*** Opening of Recorded data ***

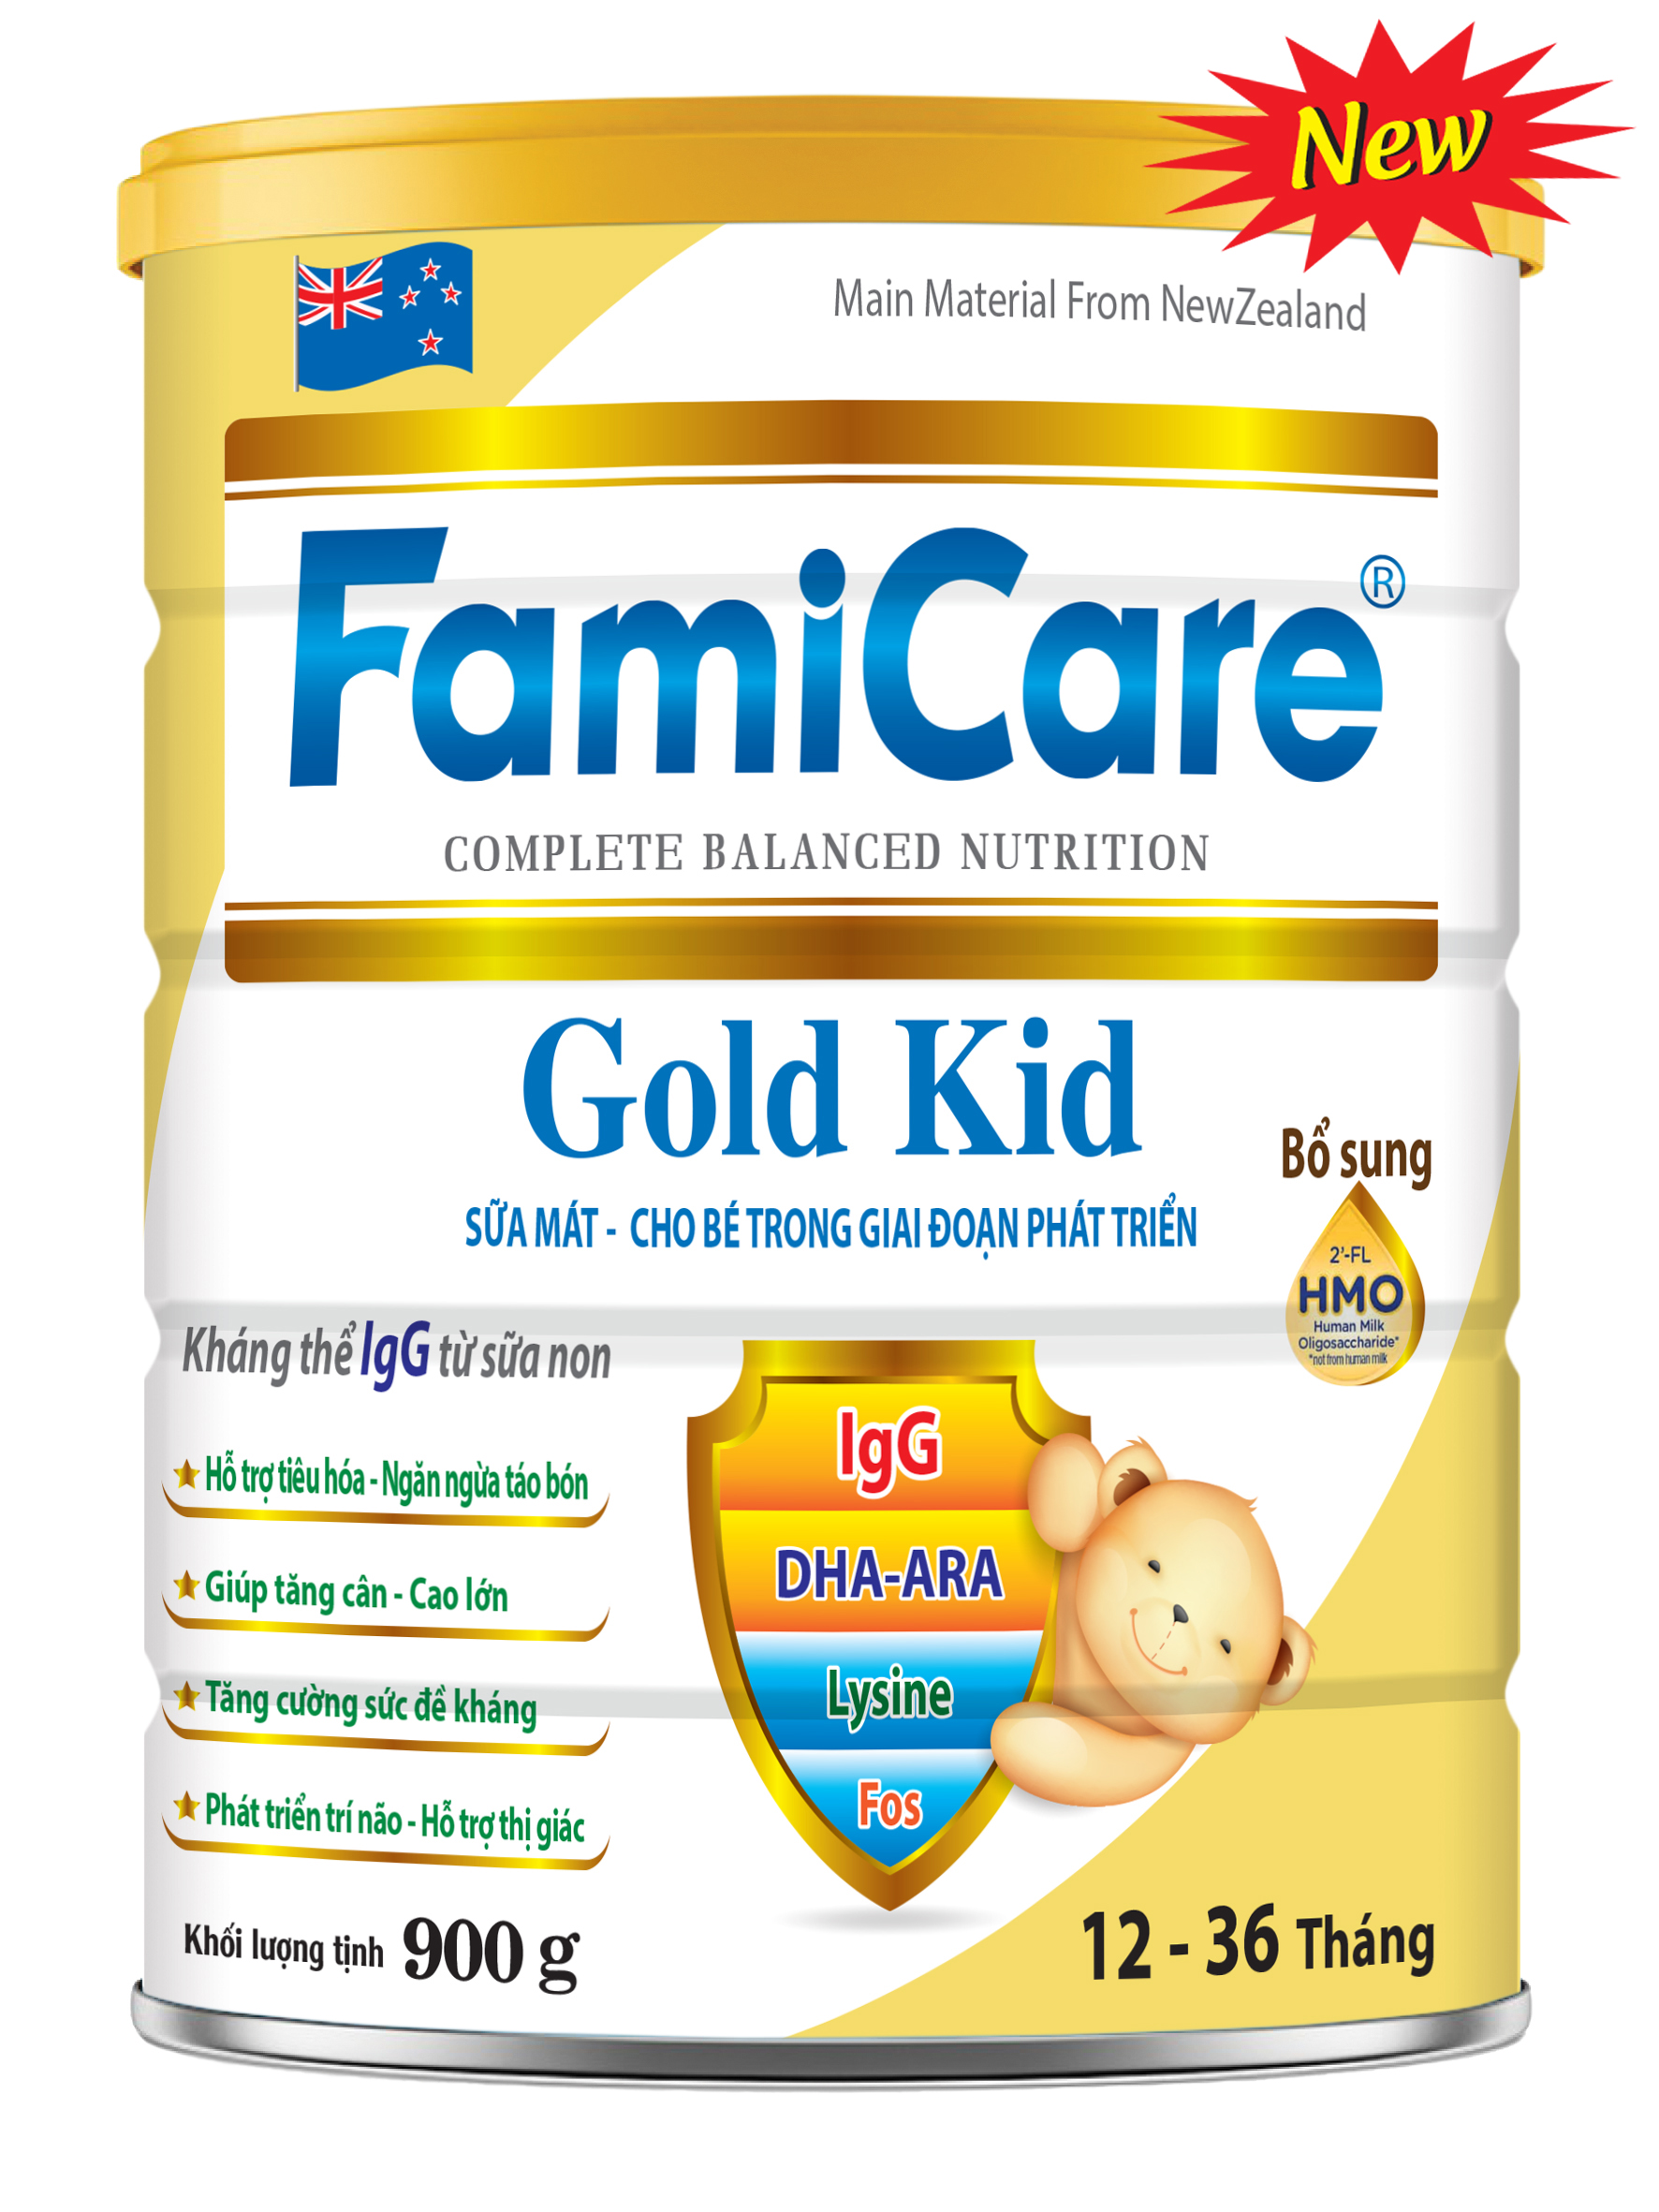 FamiCare Gold Kid (New)
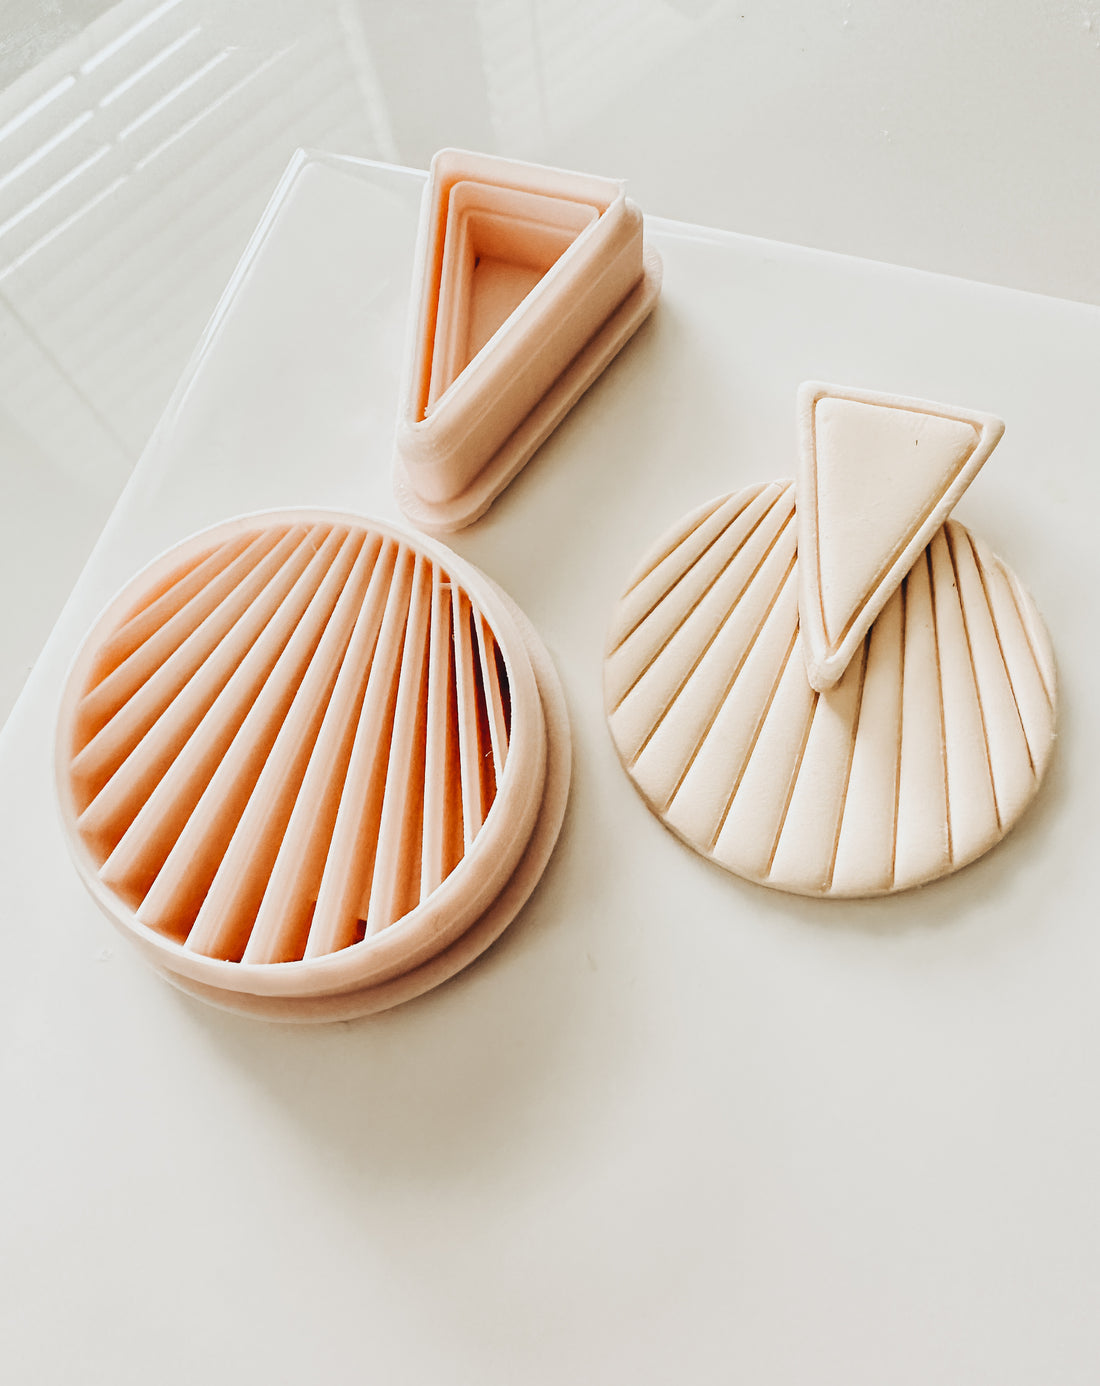 Reese Embossed Stackable Clay Cutter Set
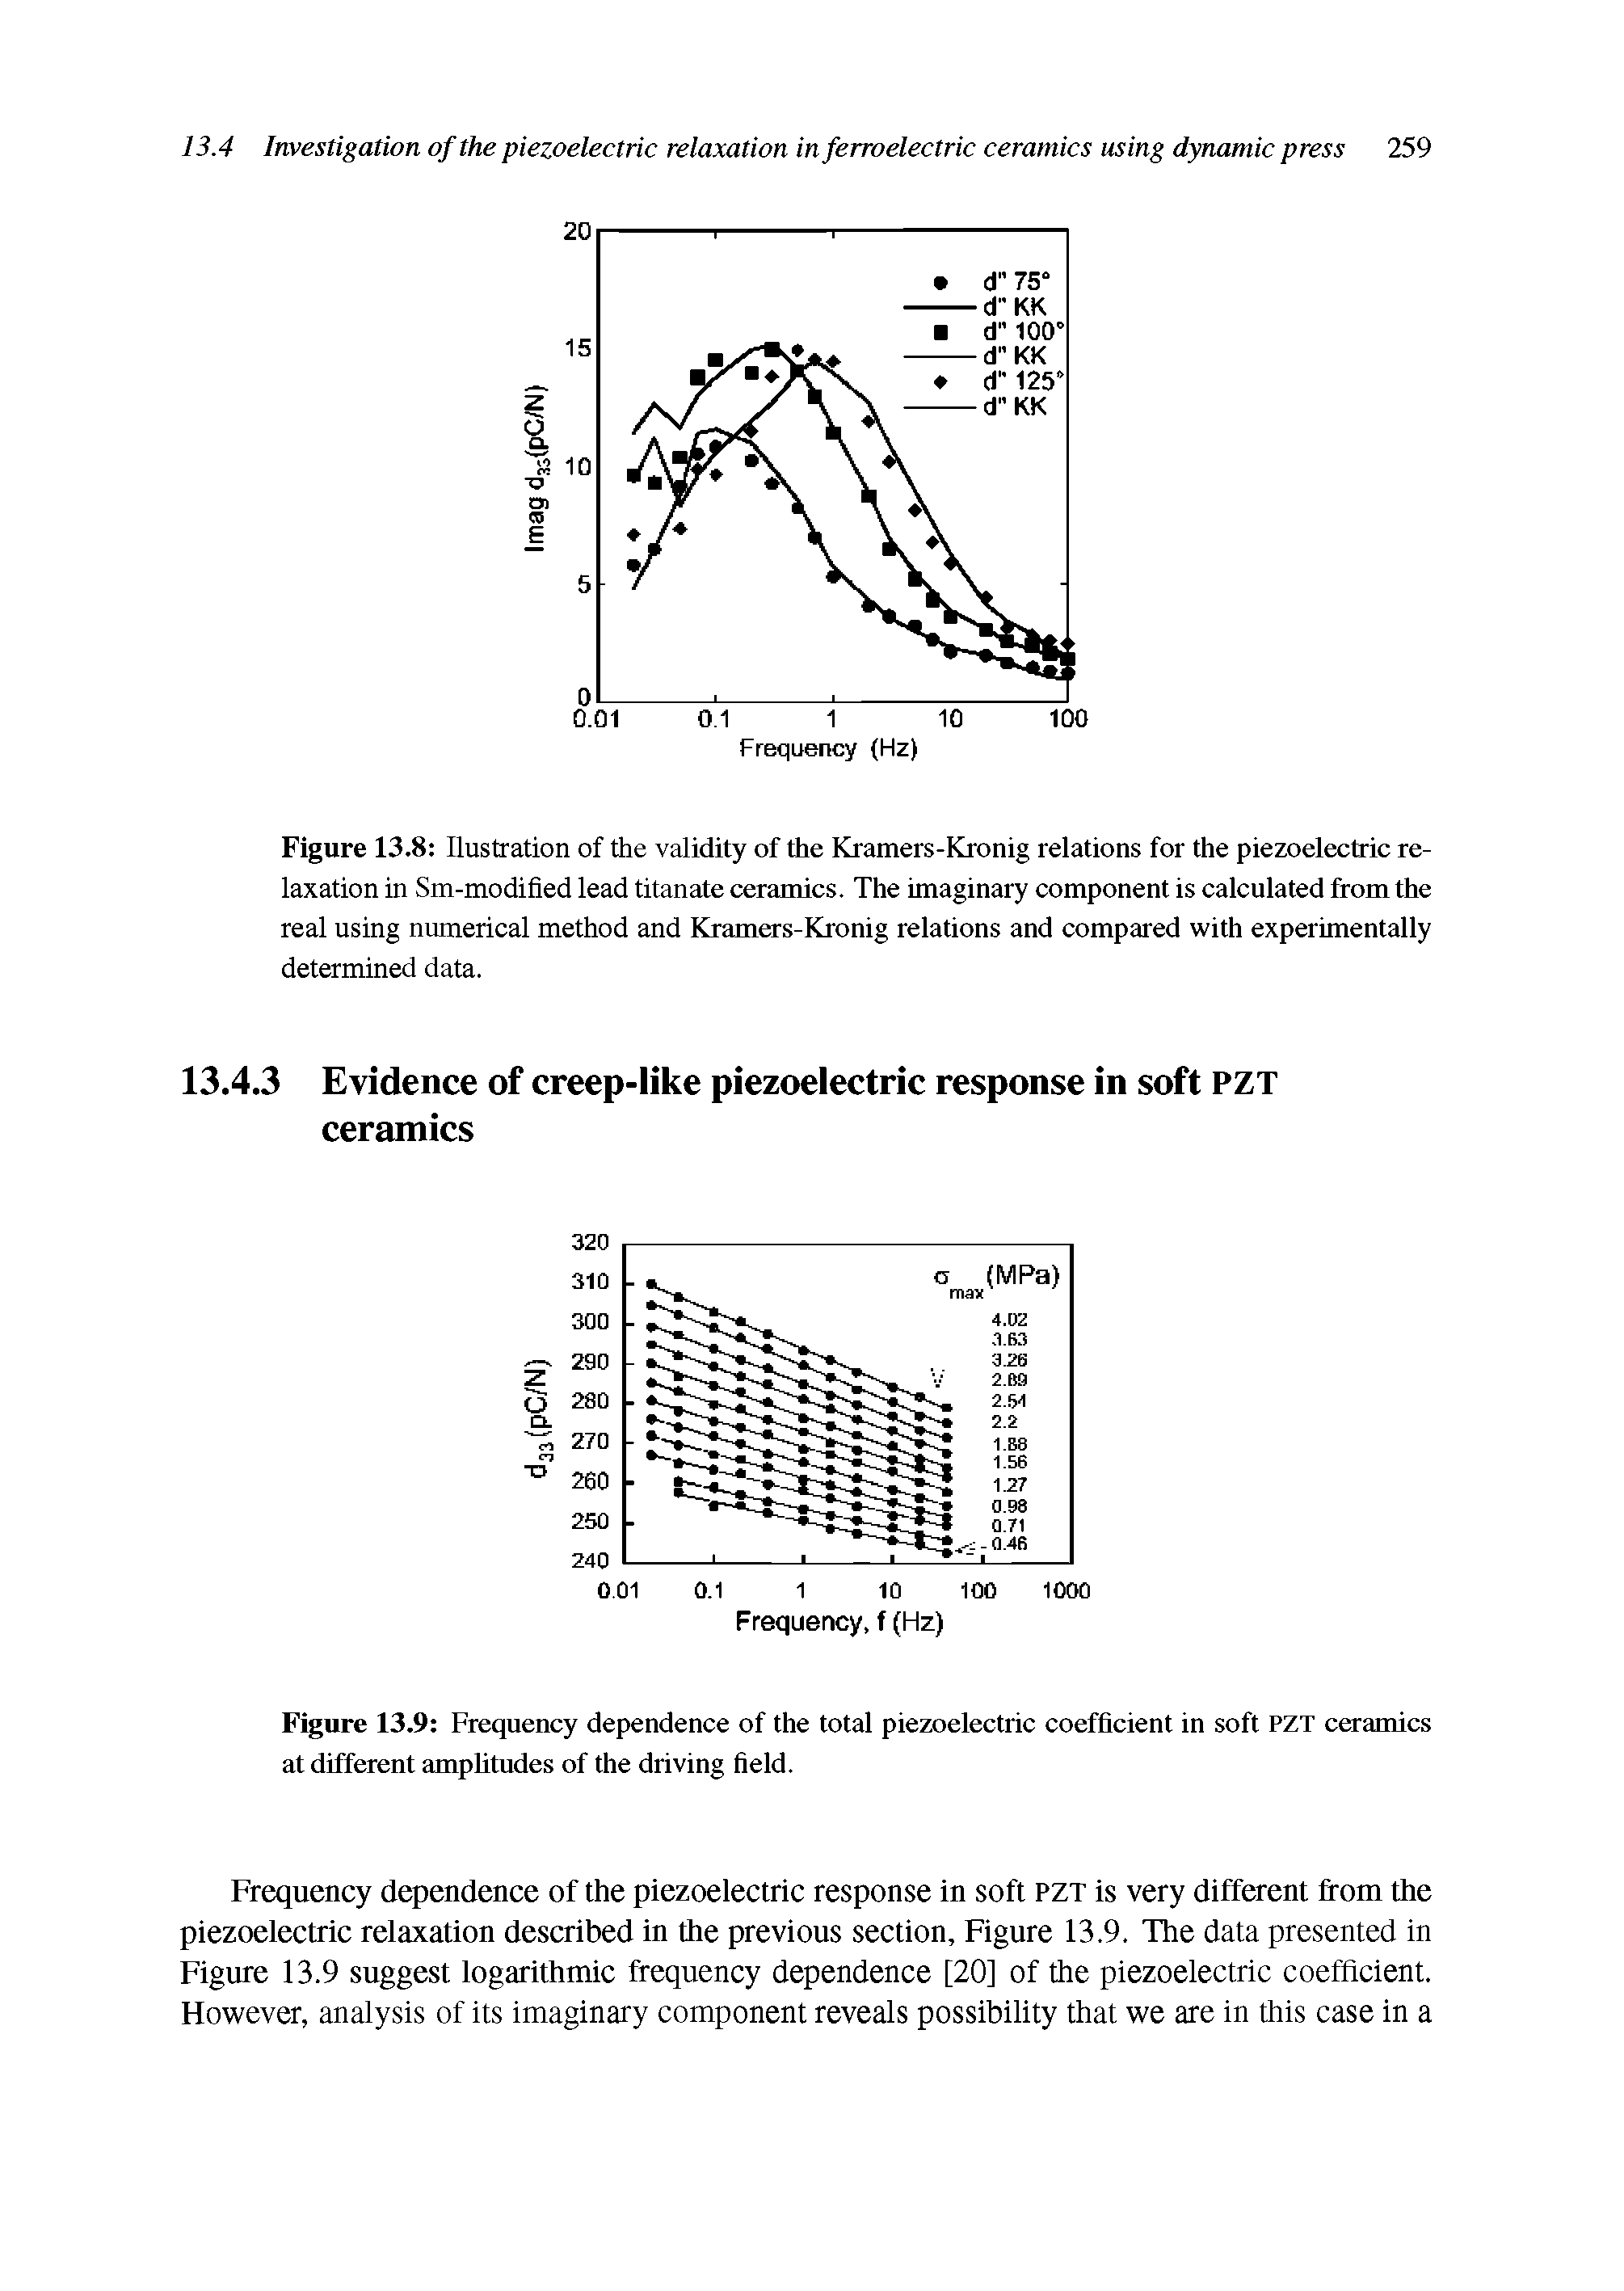 Figure 13.8 Ilustration of the validity of the Kramers-Kronig relations for the piezoelectric relaxation in Sm-modified lead titanate ceramics. The imaginary component is calculated from the real using numerical method and Kramers-Kronig relations and compared with experimentally determined data.

*** Close of Recorded data ***

The task:
Transcribe all the lines above exactly, apart from the pictures.

Answer to this problem:
 FamiCare Gold Kid (New)
 Reese Embossed Stackable Clay Cutter Set
 Figure 13.8 Ilustration of the validity of the Kramers-Kronig relations for the piezoelectric relaxation in Sm-modified lead titanate ceramics. The imaginary component is calculated from the real using numerical method and Kramers-Kronig relations and compared with experimentally determined data.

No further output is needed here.